Risk-Adjusted Performance

14 of 100

 
Weak
 
Strong
Good
Compared to the overall equity markets, risk-adjusted returns on investments in EZCORP Inc are ranked lower than 14 (%) of all global equities and portfolios over the last 90 days. In spite of fairly abnormal basic indicators, EZCORP showed solid returns over the last few months and may actually be approaching a breakup point.

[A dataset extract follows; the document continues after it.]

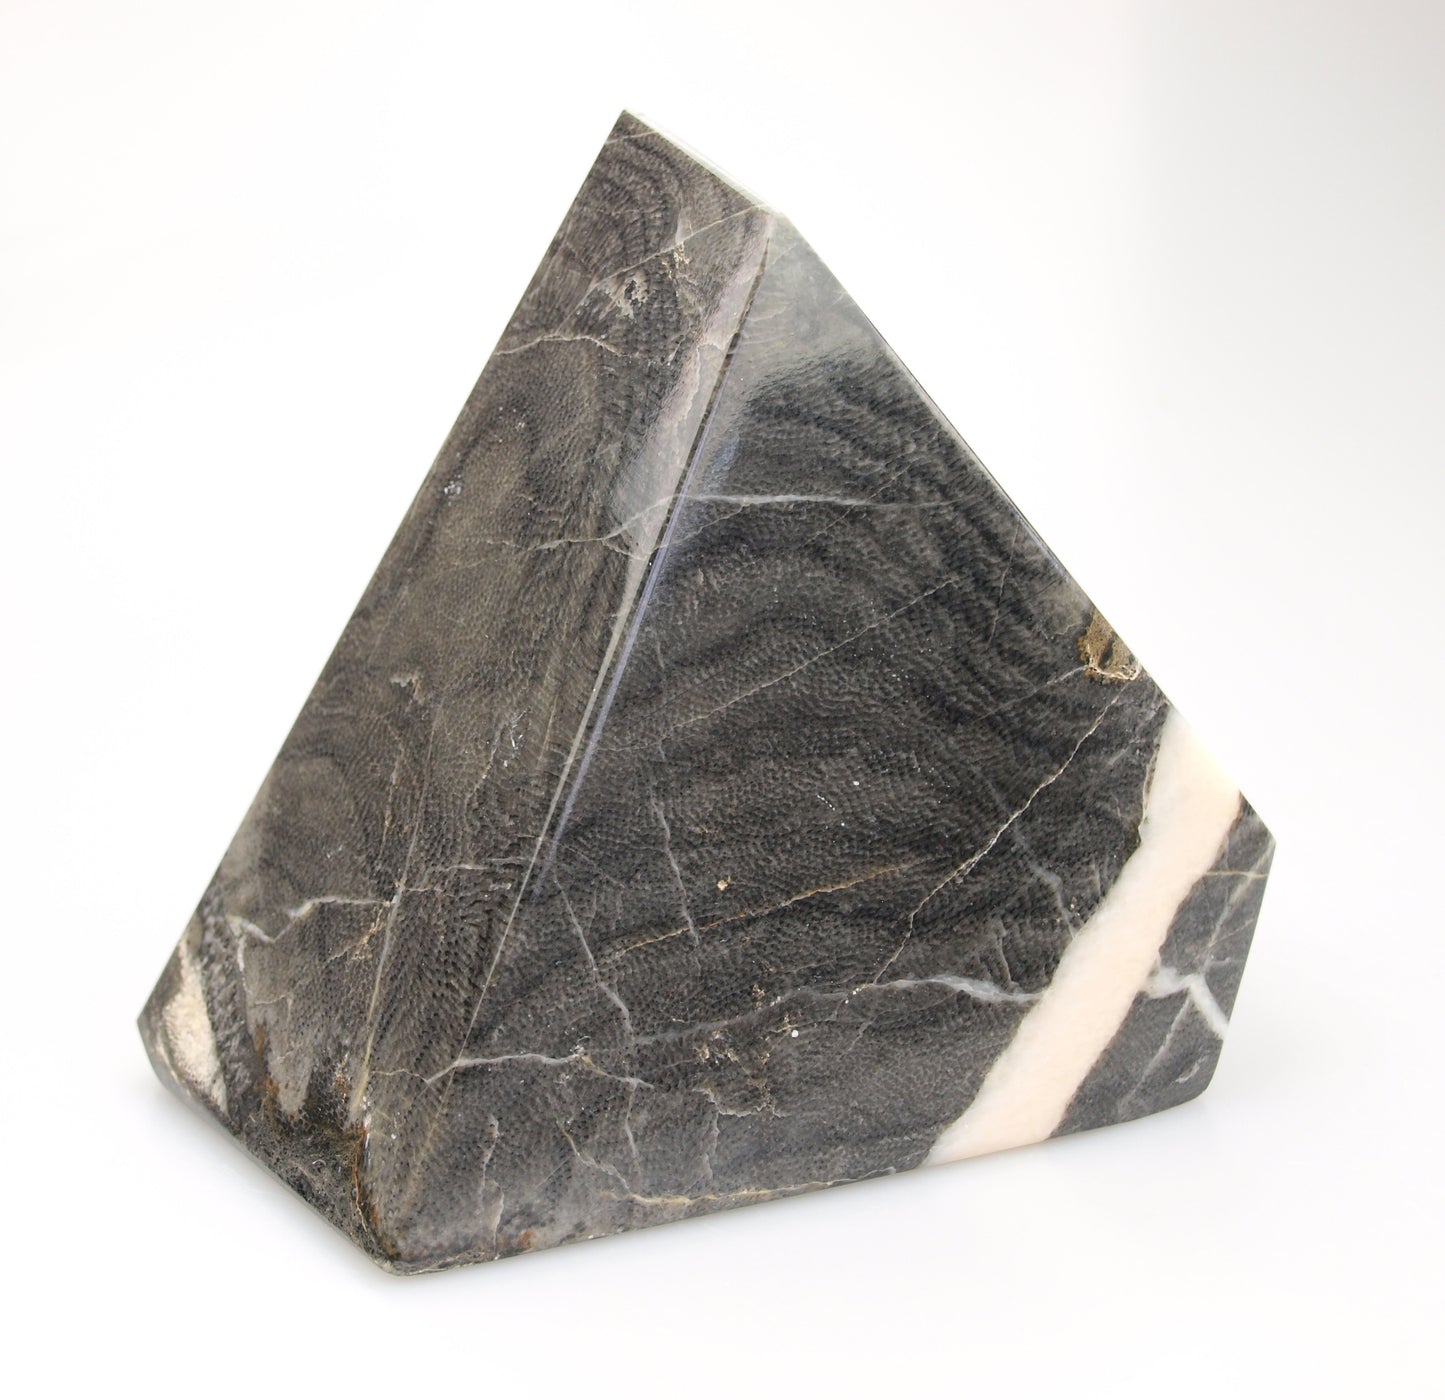 A massive paperweight made of flaky coral intersected by a vein of calcite

BlackRock and EZCORP Volatility Contrast

   Predicted Return Density   
       Returns  

Pair Trading with BlackRock and EZCORP

The main advantage of trading using opposite BlackRock and EZCORP positions is that it hedges away some unsystematic risk. Because of two separate transactions, even if BlackRock position performs unexpectedly, EZCORP can make up some of the losses. Pair trading also minimizes risk from directional movements in the market. For example, if an entire industry or sector drops because of unexpected headlines, the short position in EZCORP will offset losses from the drop in EZCORP's long position.
The idea behind BlackRock and EZCORP Inc pairs trading is to make the combined position market-neutral, meaning the overall market's direction will not affect its win or loss (or potential downside or upside). This can be achieved by designing a pairs trade with two highly correlated stocks or equities that operate in a similar space or sector, making it possible to obtain profits through simple and relatively low-risk investment.
Check out your portfolio center.
Note that this page's information should be used as a complementary analysis to find the right mix of equity instruments to add to your existing portfolios or create a brand new portfolio. You can also try the Bollinger Bands module to use Bollinger Bands indicator to analyze target price for a given investing horizon.